§ **Exercise**: From the data below, repeat everything exactly except the images.

§ **Material provided**:
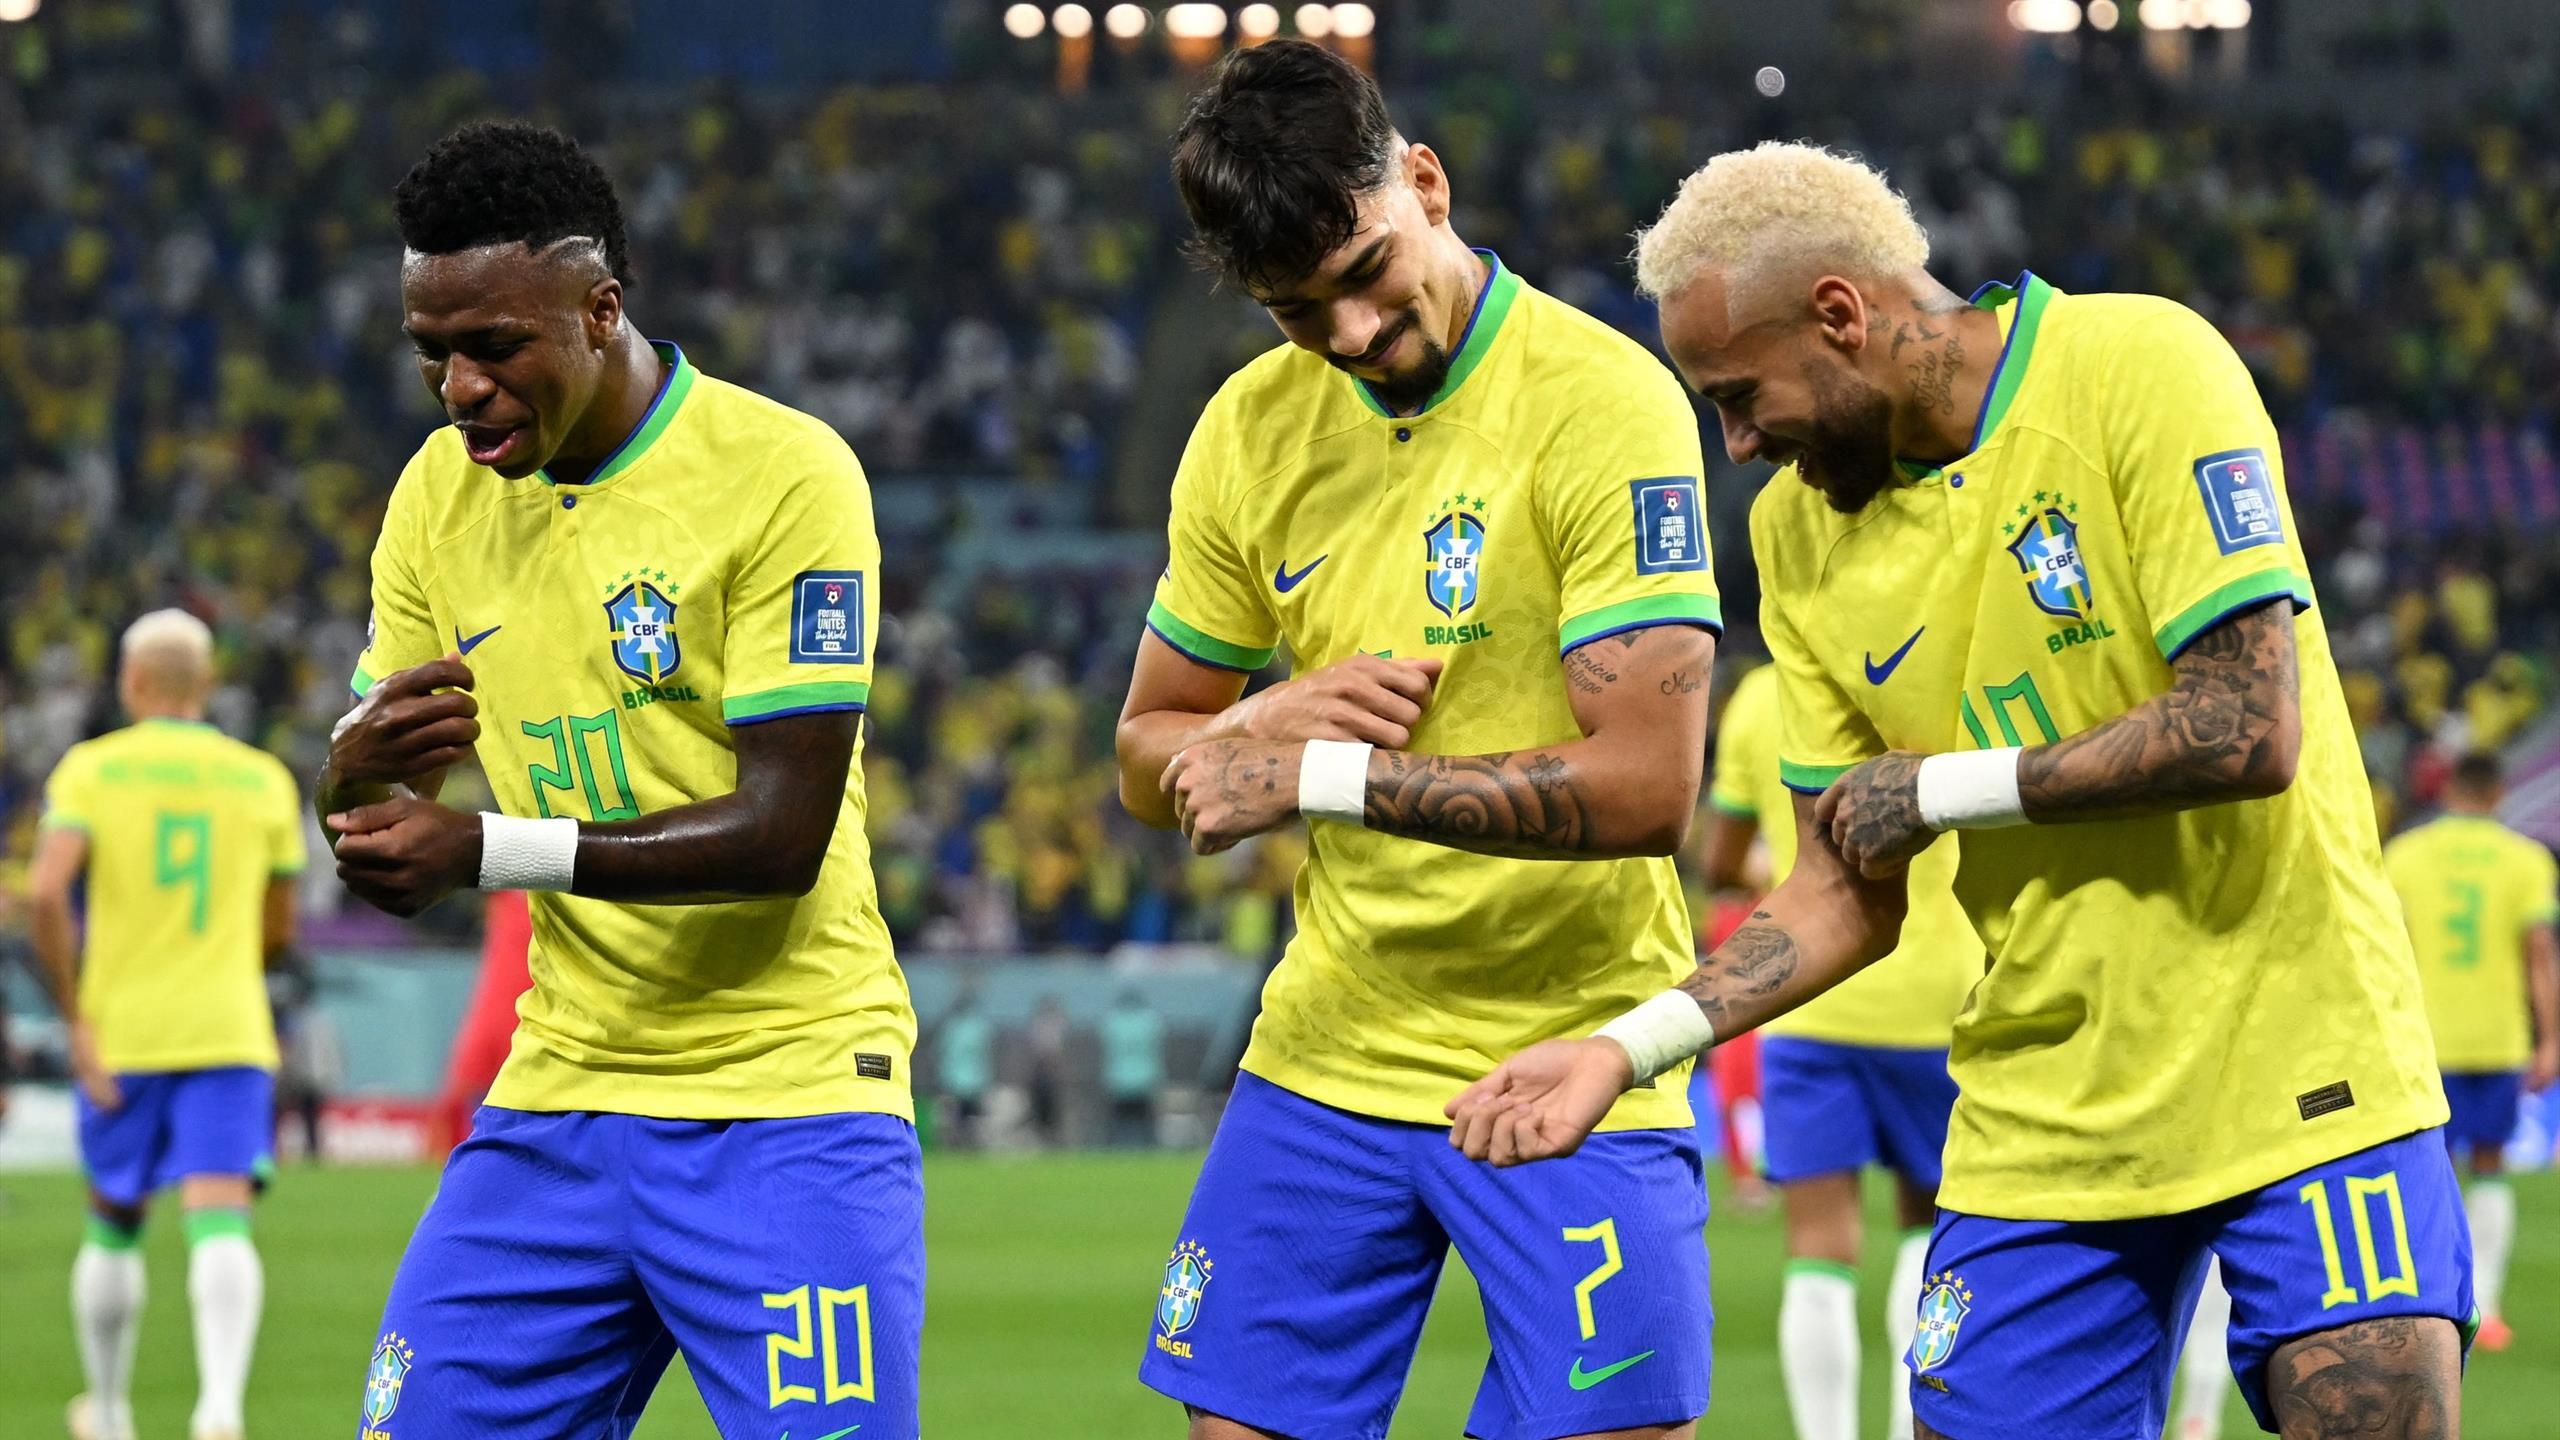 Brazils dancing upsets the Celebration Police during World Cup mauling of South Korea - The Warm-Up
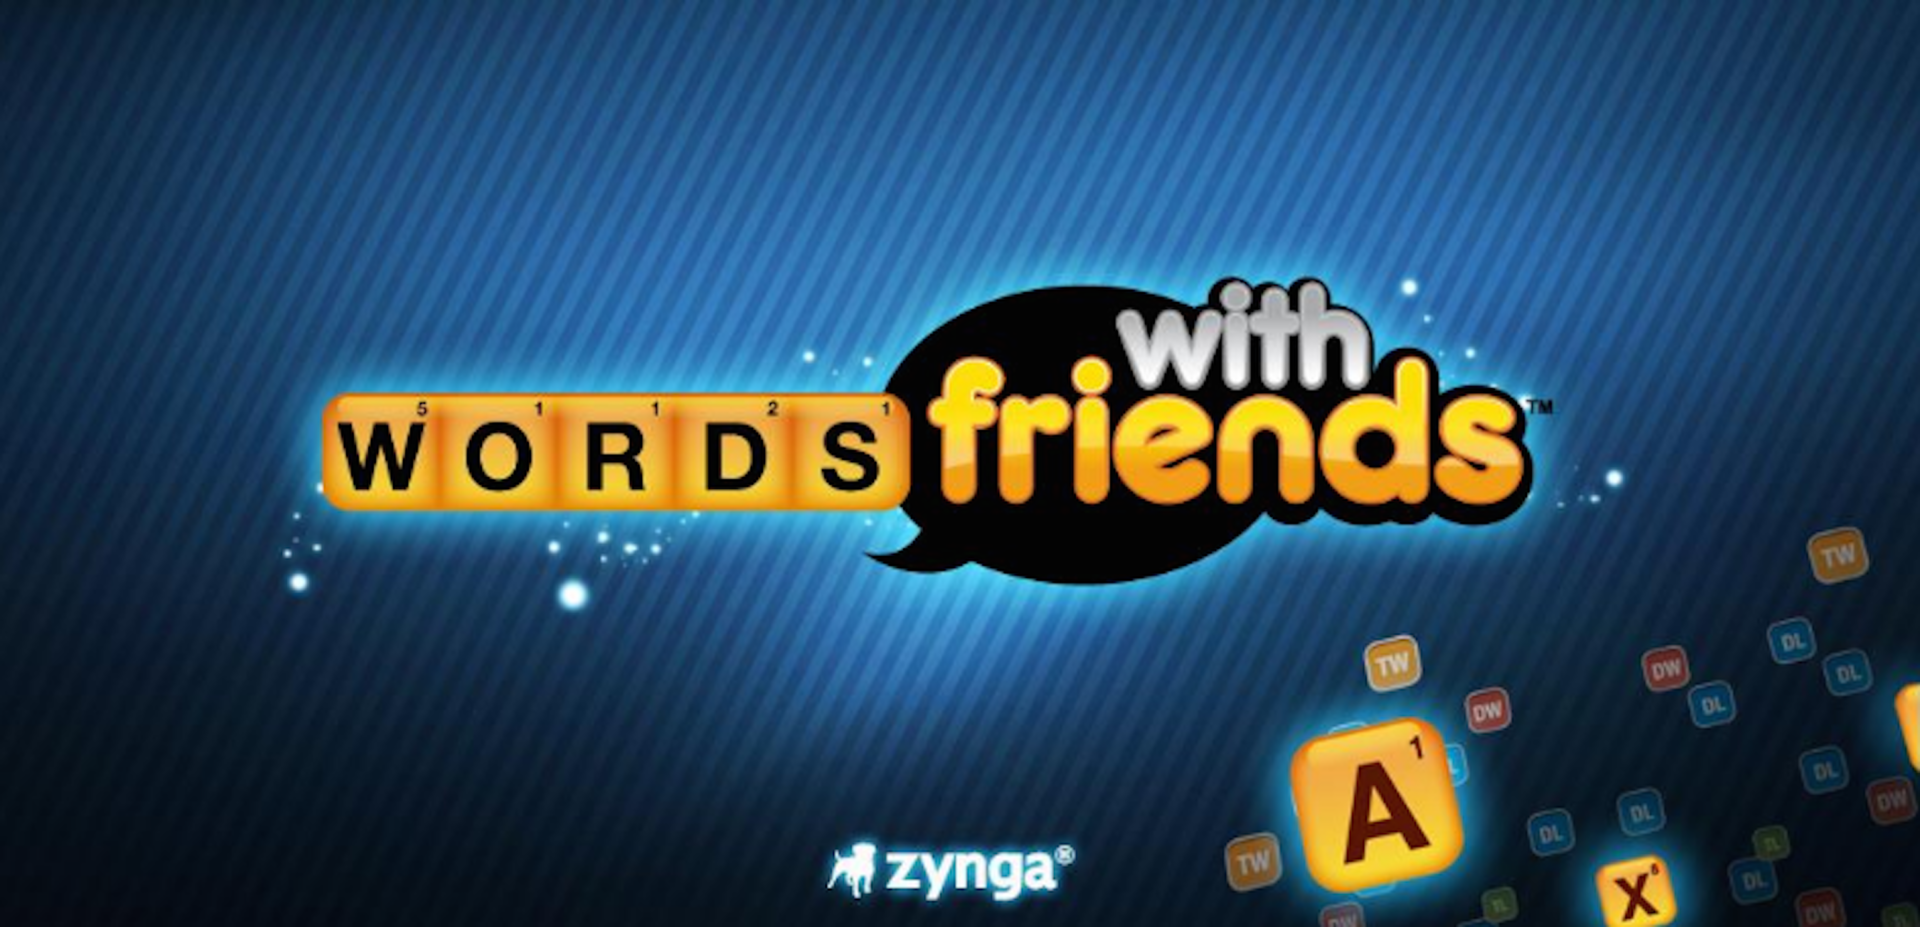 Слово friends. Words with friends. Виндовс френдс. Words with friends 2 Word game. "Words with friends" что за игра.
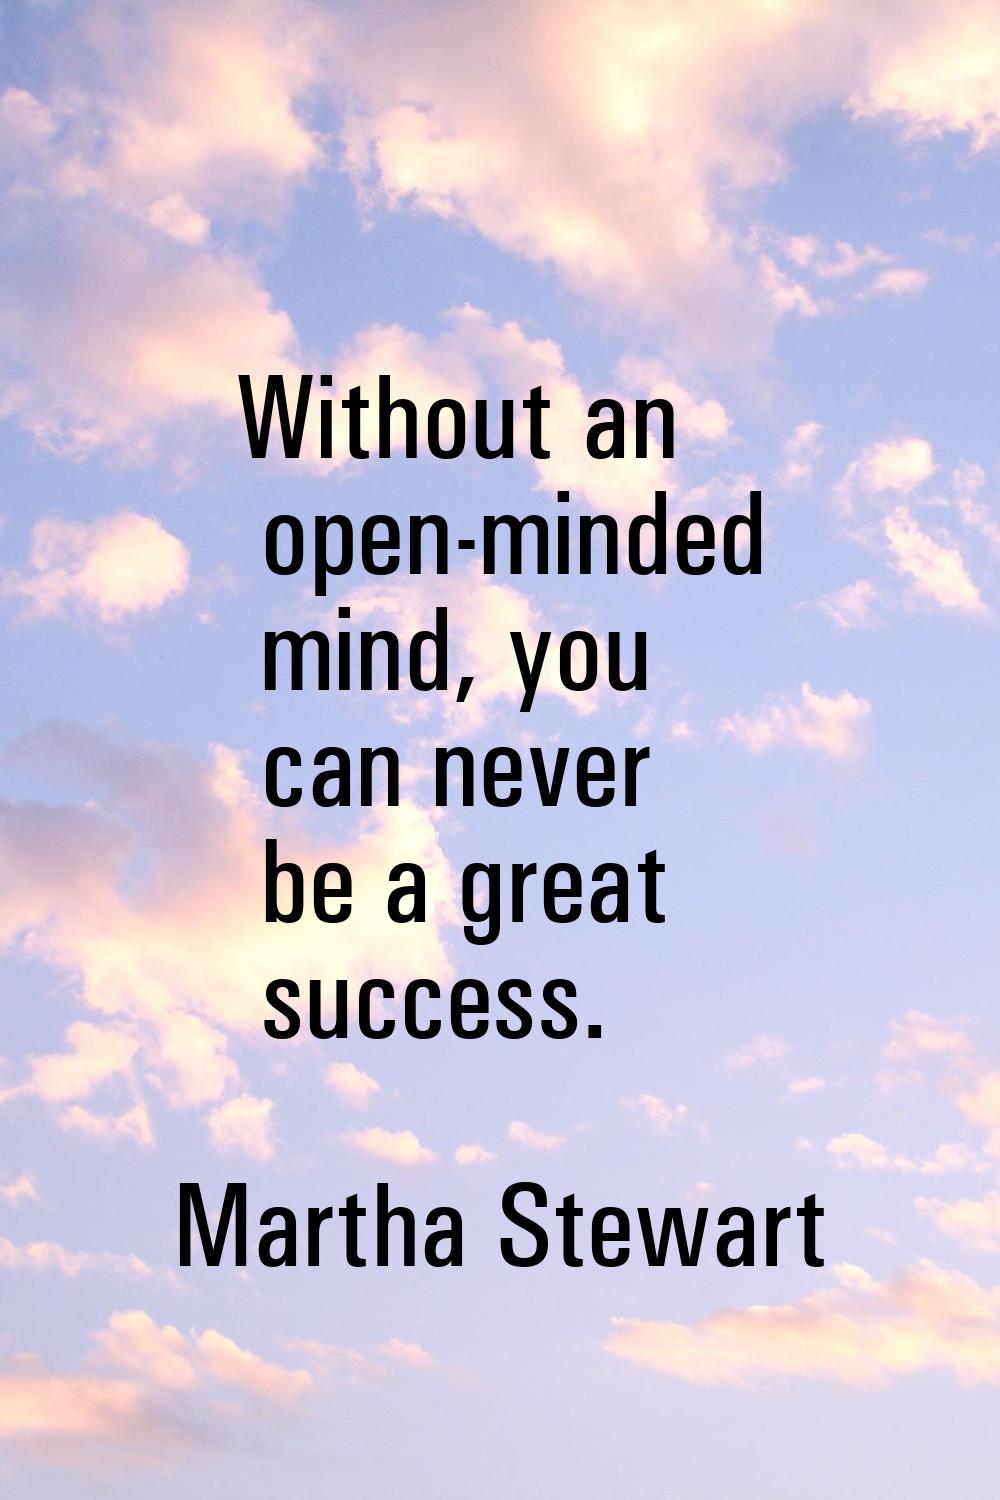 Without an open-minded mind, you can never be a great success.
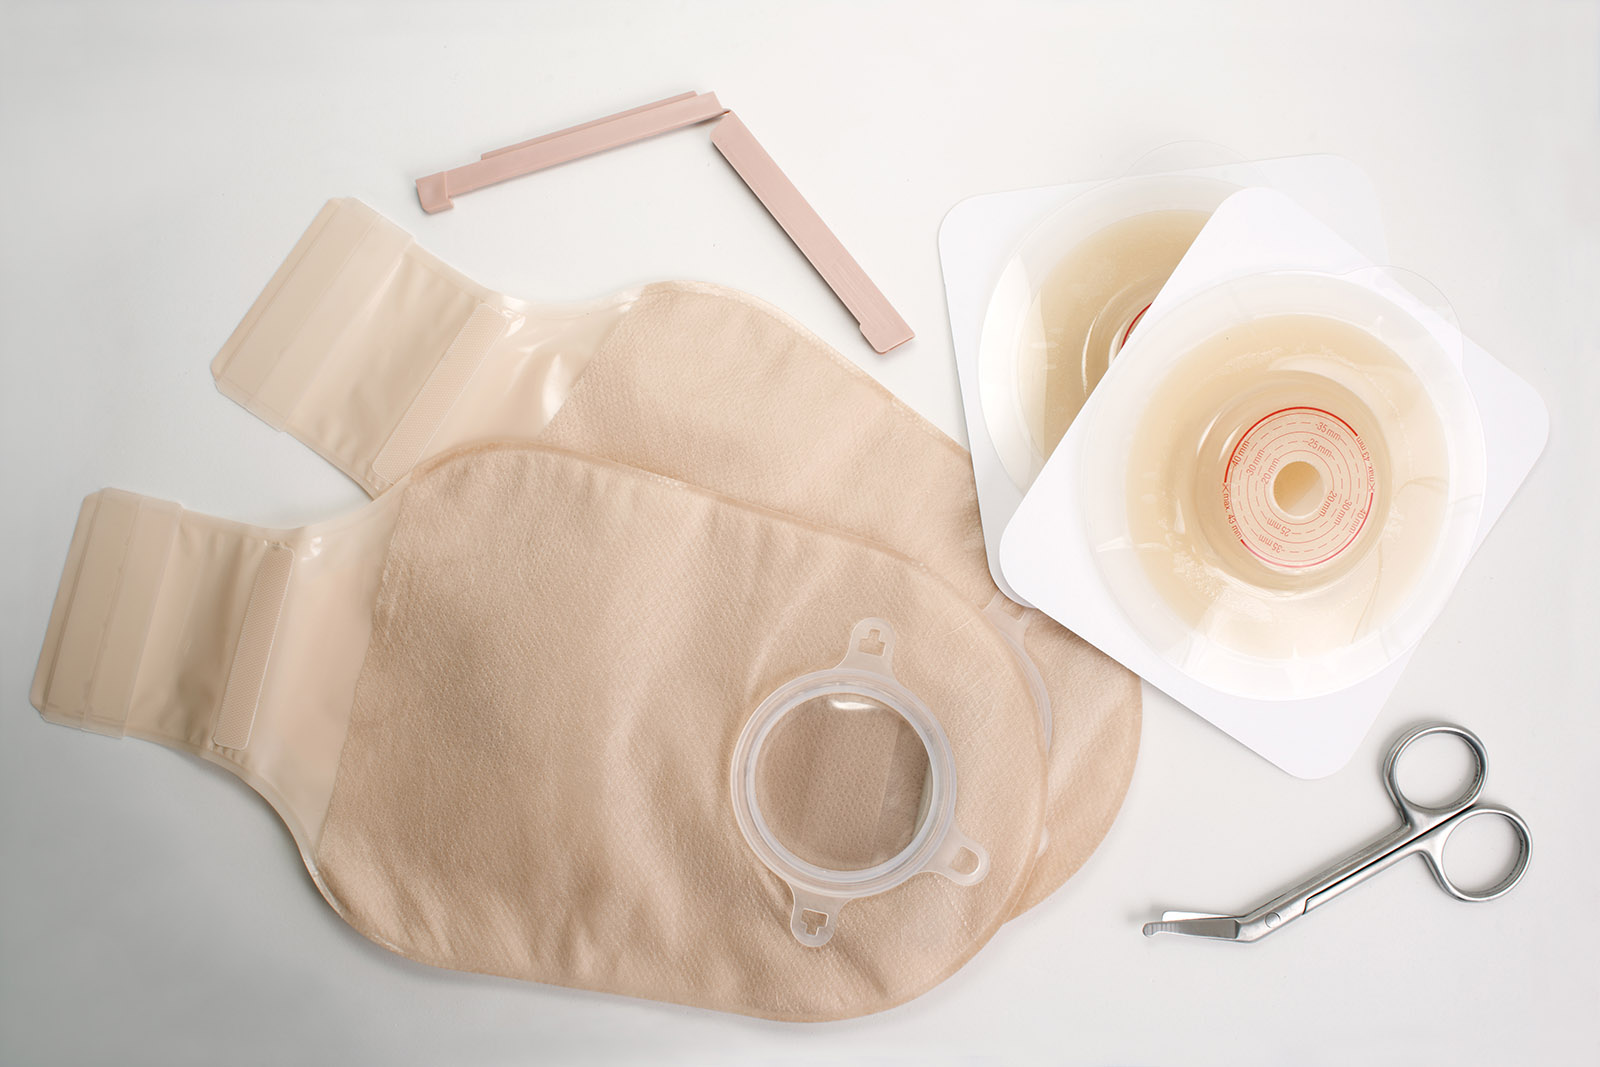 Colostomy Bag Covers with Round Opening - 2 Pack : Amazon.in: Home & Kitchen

§ **Written solution**:
 Brazils dancing upsets the Celebration Police during World Cup mauling of South Korea - The Warm-Up
 Слово friends. Words with friends. Виндовс френдс. Words with friends 2 Word game. "Words with friends" что за игра.
 Without an open-minded mind, you can never be a great success.
 Colostomy Bag Covers with Round Opening - 2 Pack : Amazon.in: Home & Kitchen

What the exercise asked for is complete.